Perspectiva genética de los rayos UV y las nuevas alternativas de protección solar

Genetics perspective of UV rays and new alternatives for sun protection

Autores | Contacto

EO Vallejo *, N Vargas *, LM Martínez **, CA Agudelo *** e IC Ortiz ****

*  Estudiante de Medicina.
** Docente Titular.  Bacterióloga.  Especialista en Hematología.
*** Coordinador de Gestión Clínica.  Clínica Universitaria Bolivariana, MD, MSc.
**** Docente Titular.  Bióloga.  PhD Biología.
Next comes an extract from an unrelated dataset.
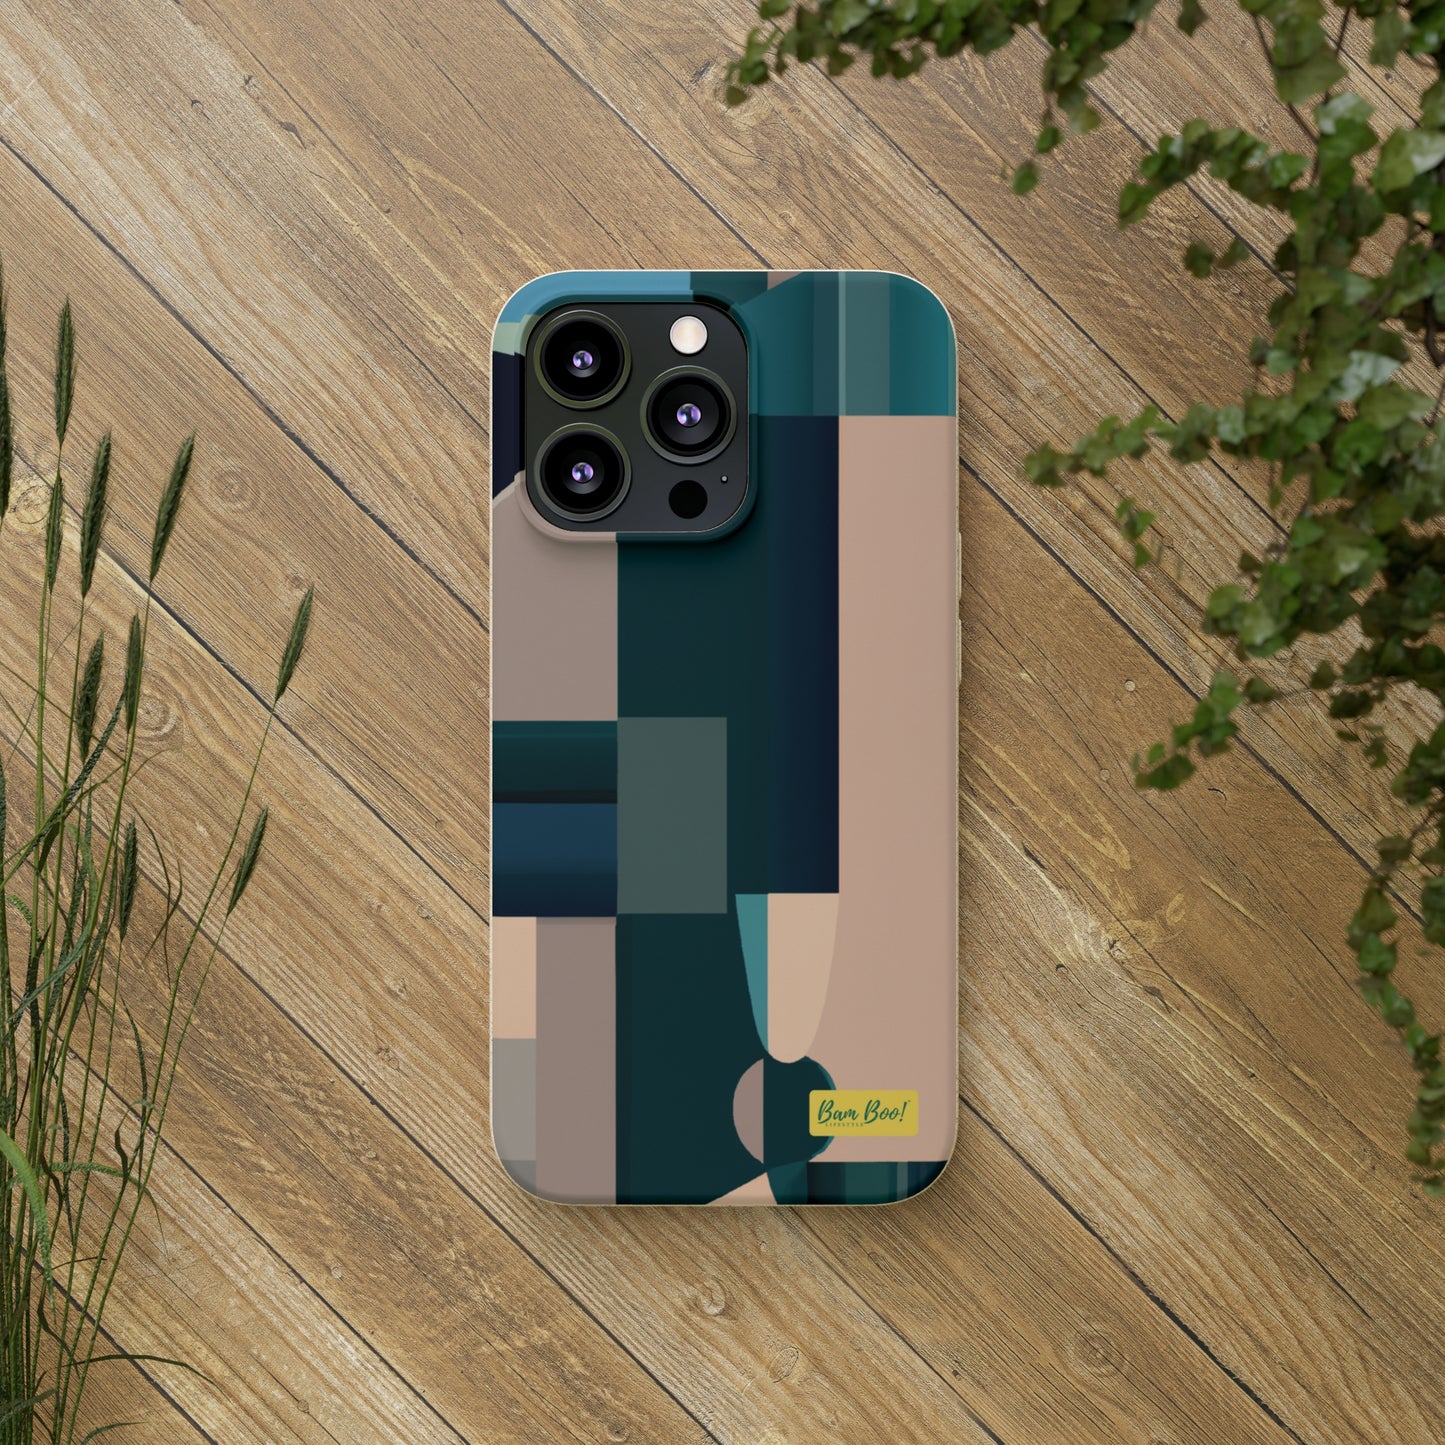 Synthesis of the Digital & Analog: An Exploration of Texture, Shape, Color, and Pattern. - Bam Boo! Lifestyle Eco-friendly Cases

Facultad de Medicina. Escuela de Ciencias de la Salud. Universidad Pontificia Bolivariana. Medellín. Colombia. http://www.upb.edu.co

Dirección
Prof. Dr. Ricardo E. Achenbach

Resumen | Palabras Claves

RESUMEN

La radiación ultravioleta (UV), posee tres diferentes longitudes de onda: la UVA (315- 400 nm), la UVB (280-315 nm) y la UVC (100-280 nm), que impactan de diversas formas en la piel. Pueden causar “envejecimiento cutáneo”, quemaduras y cánceres. En la actualidad se cuenta con múltiples alternativas de protección solar, que van desde los métodos físicos convencionales, hasta complejos mecanismos moleculares e inductores de reparación celular, como el Polypodium leucotomos. El propósito de esta revisión es describir las implicaciones, que tienen los rayos ultravioleta en los seres humanos expuestos a la luz solar y las alternativas de protección disponibles, así como citar los avances en foto-protección.
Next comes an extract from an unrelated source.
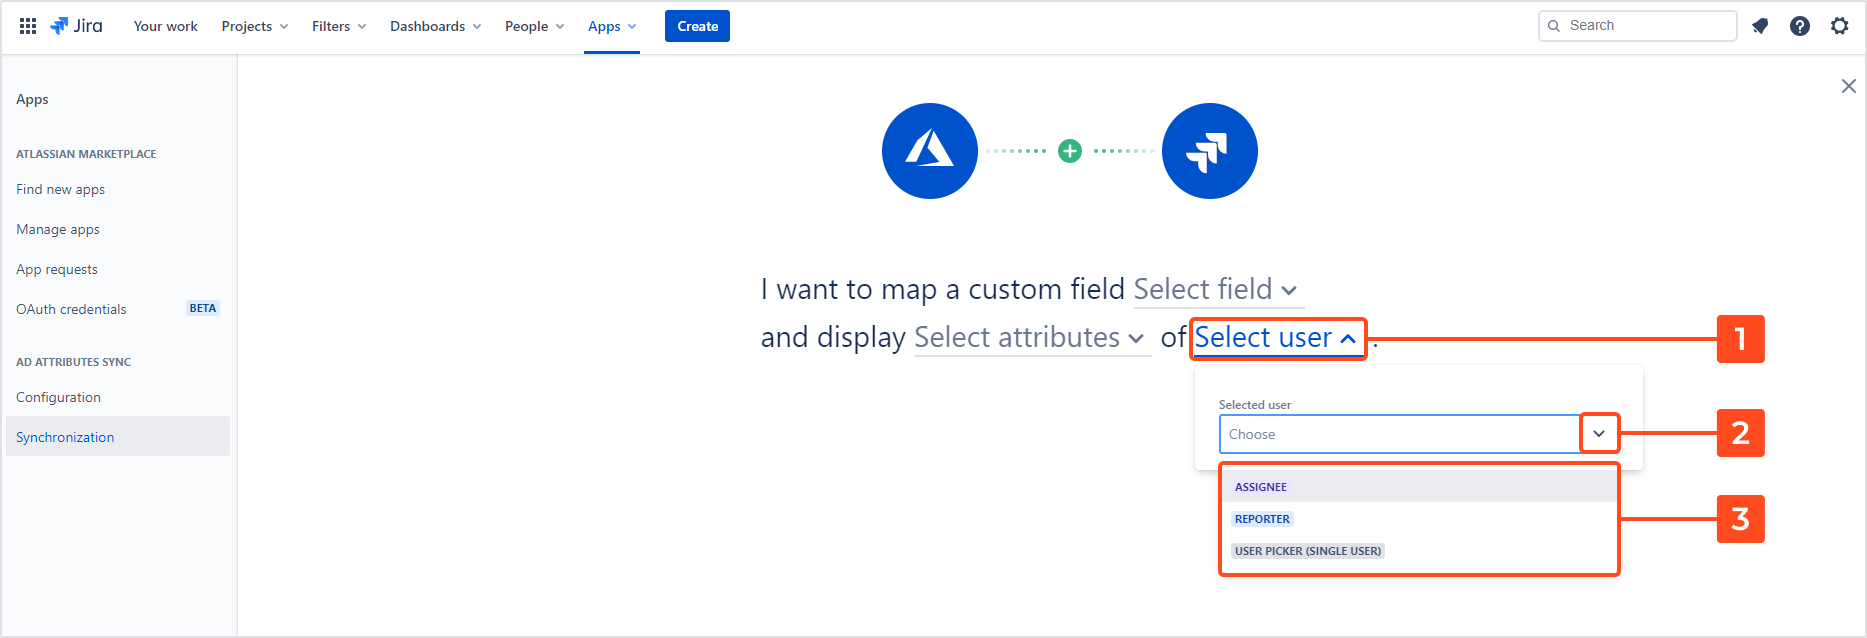 Jira Active Directory integration with Azure AD Attributes - Mapping Azure AD data to a custom field: Select user

PALABRAS CLAVE: Radiación; Efectos de la radiación; Reparación del ADN; Luz solar; Antioxidantes.

SUMMARY

Ultraviolet (UV), has three different wavelengths: UVA (315-400 nm), UVB (280-315 nm) and UVC (100-280 nm), which impact in different ways on the skin of human beings, and may be responsible of skin aging, burns and cancers. Currently we have multiple sunscreen alternatives, ranging from conventional physical methods to complex molecular mechanisms and inducers of cell repair as Polypodium leucotomos. The purpose of this review is to show the implications of ultraviolet rays on human beings exposed to sunlight and the protection alternatives that are available and show what is to come in photo protection towards the future.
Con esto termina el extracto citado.